Ainsi, alors que chacun tente au mieux de vivre ce confinement, comment ne plus uniquement subir, mais donner à chacun les moyens d’agir ?
Comment retrouver dans le contexte actuel un peu de pouvoir sur sa propre existence, rythmée par des obligations dont nous n’avons plus véritablement la maîtrise ?
Le vide laissé par les activités gelées, le temps passé à d’autres occupations peut-il « dé-confiner les esprits » , laisser place à une forme de réflexion sur ce que nous faisons de ce temps ?
Peut on y voir l’émergence d’un gilet de secours ?
Le Kairos est ce « moment opportun », qui décrit chez les Grecs ce temps du « basculement décisif », de l'opportunité. Il est décrit comme une dimension différente du temps, qui crée de la profondeur dans l'instant ; une porte sur une autre perception de l'événement et de soi.
Une notion du temps qui n’est pas mesurée par la montre - moins utile en ce moment - mais par le ressenti, les sensations, les émotions.
Ce ressenti, dans cette période de confinement, semble inédit, fluctuant, les rêves ou cauchemars nous envahissent, souvent plus présents, plus intenses.
Le dieu grec Kairos est représenté par un jeune homme avec une touffe de cheveux sur la tête.
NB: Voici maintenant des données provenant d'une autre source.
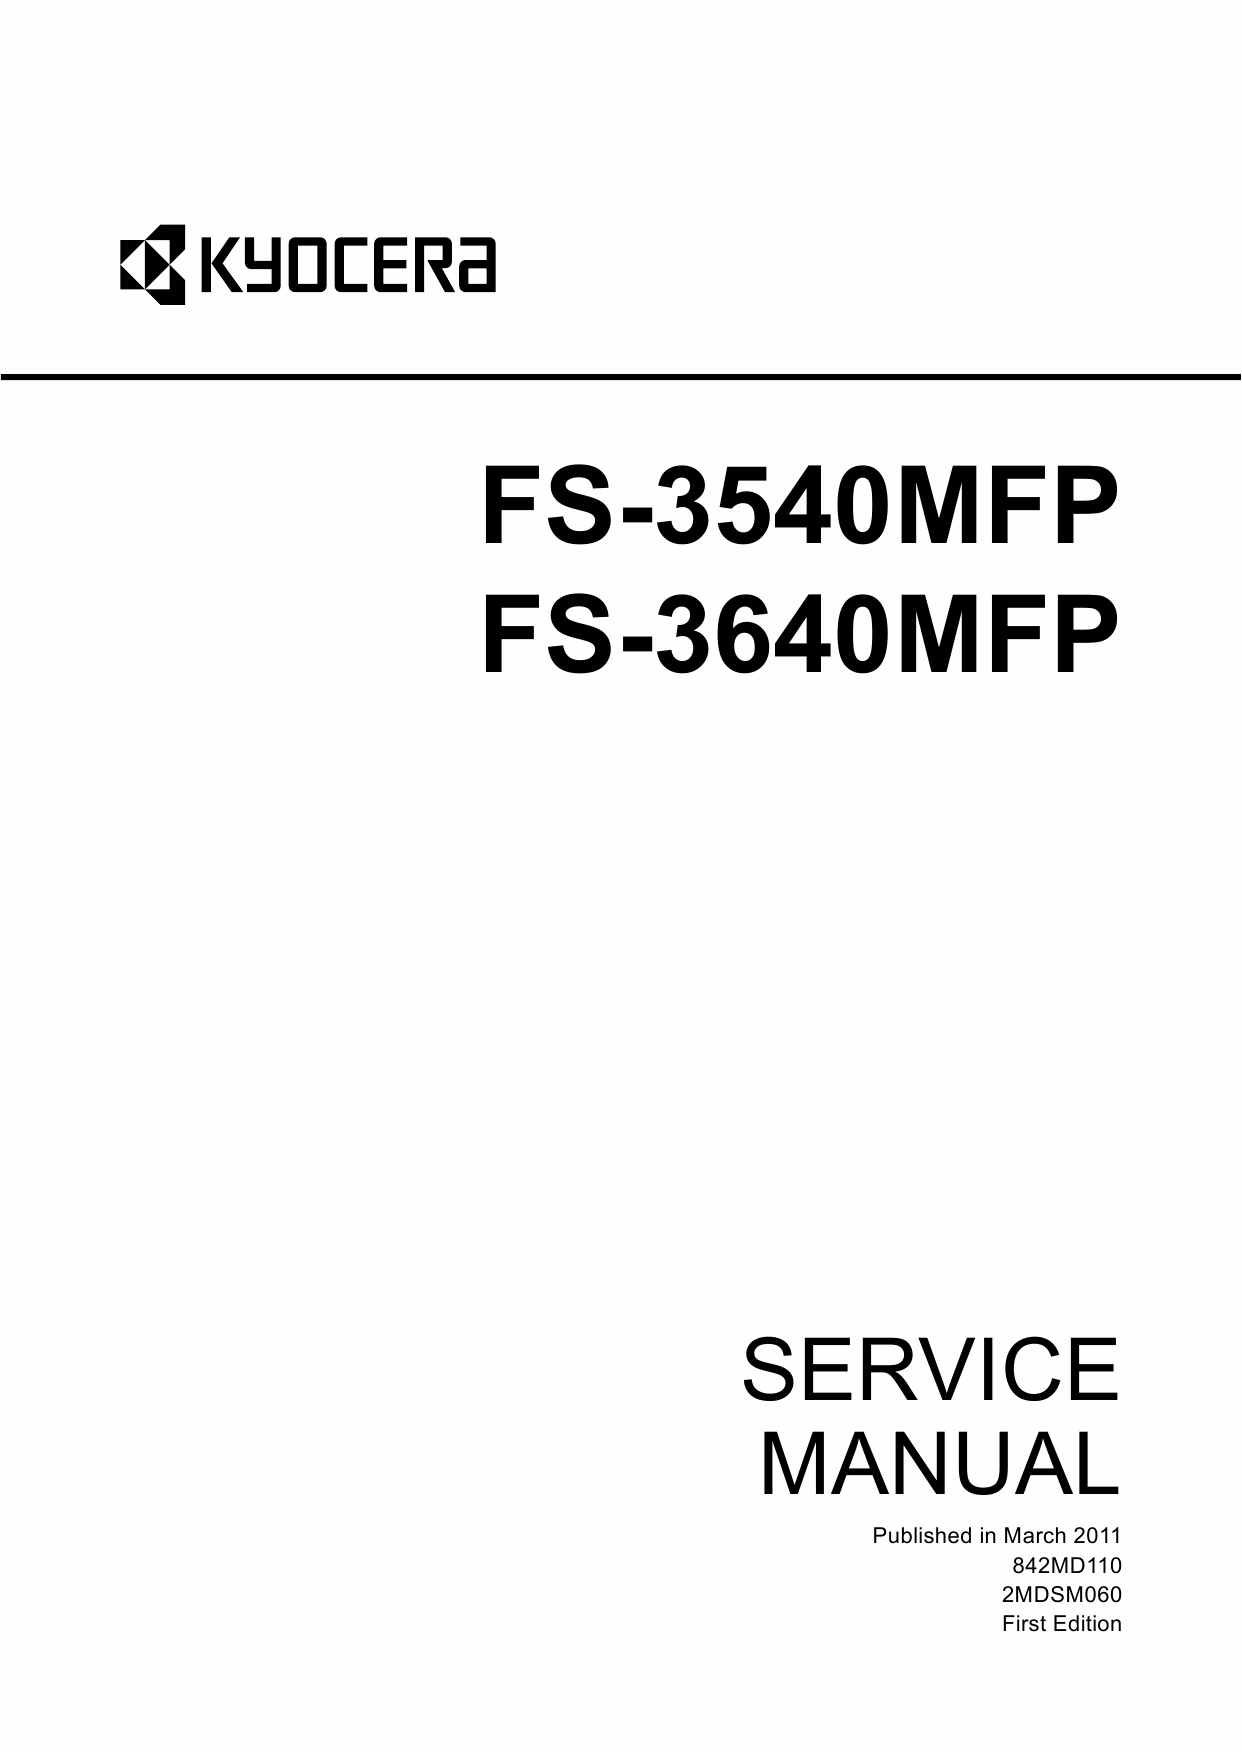 KYOCERA MFP FS-3540MFP 3640MFP Service Manual-1

Quand il passe près de nous, trois possibilité s’offrent à nous : celle de ne pas le voir ; celle de le voir et ne rien faire ; et celle de « saisir l'occasion aux cheveux » !
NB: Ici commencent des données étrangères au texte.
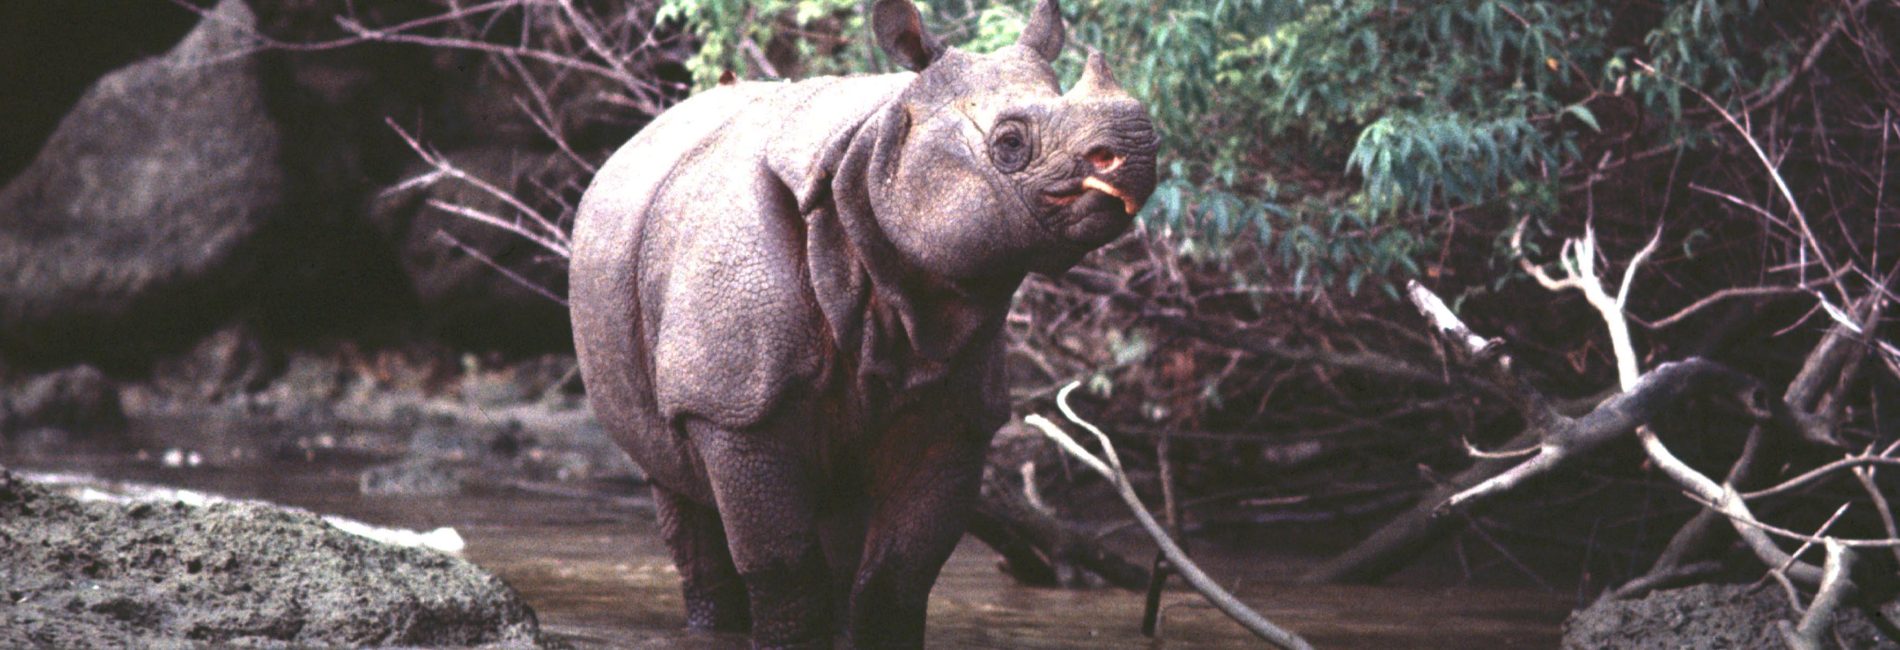 javan rhinoceros diet

Alors même que nous nous confrontons depuis plusieurs semaines à des contraintes nouvelles, nous nous questionnons aussi sur ce que nous subissions dans notre quotidien qui nous épuisait. Pas ce quotidien de confinement, mais celui que nous pensions avoir choisi, et que nous subissons également. Peut on transformer cette expérience de renoncement subi en futur renoncement choisi ?
Le concept de sérendipité pourrait également nous éclairer : il s’agit de la conjonction d’un hasard heureux qui permet au chercheur de faire une découverte inattendue, d'importance ou d'intérêt supérieurs à l'objet de sa recherche initiale, mais aussi de l'aptitude de ce chercheur à saisir et à exploiter cette « chance ». « C’est quand on ne cherche pas qu’on trouve ».
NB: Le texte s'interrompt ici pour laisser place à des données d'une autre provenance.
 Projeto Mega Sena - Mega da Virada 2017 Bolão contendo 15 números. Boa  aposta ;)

Le « sérendipiteur » est donc la personne qui sait « à un certain moment tirer profit de circonstances imprévues », et surtout ne se laisse pas dominer par le hasard !
Nous sommes tous des chercheurs. Et nous voyons que de nombreuses réflexions émergent, quand à la suite, l’après.
Stopper le système tel qu’il s’alimente aujourd’hui et goûter à l’entraide et la solidarité donne un gout du risque.
Cependant, nous savons à quel point il est difficile pour l’être humain de sortir de ses privilèges, renoncer à ses acquis et projections futures. Et pourtant, qui pensait devoir renoncer à cet acquis, celui de pouvoir sortir de chez soi et errer en liberté ?
Ce moment est il un gilet de secours qu’on aperçoit parce que l’avion s’écrase ? Comment faire pour tout ceux qui n’en ont pas ?
Les associations, comme nombre de professionnels ne cessent depuis des années d’alerter sur les inégalités et difficultés que vivent une partie de la population, tout en essayant d’offrir l’accès aux mêmes soins pour tous.
Dans quel bain va t’on plonger ? Plus froid, plus chaud, dangereux, sans fond ? Peut être tout aussi glacial mais plus limpide, ou bien plus habité ?
Les inégalité là aussi s’affichent : Remaniement des projets de vie, ou survie ?
Marguerite Duras disait, en 1969 : « Si l’homme ne change pas dans sa solitude, rien n’est possible ».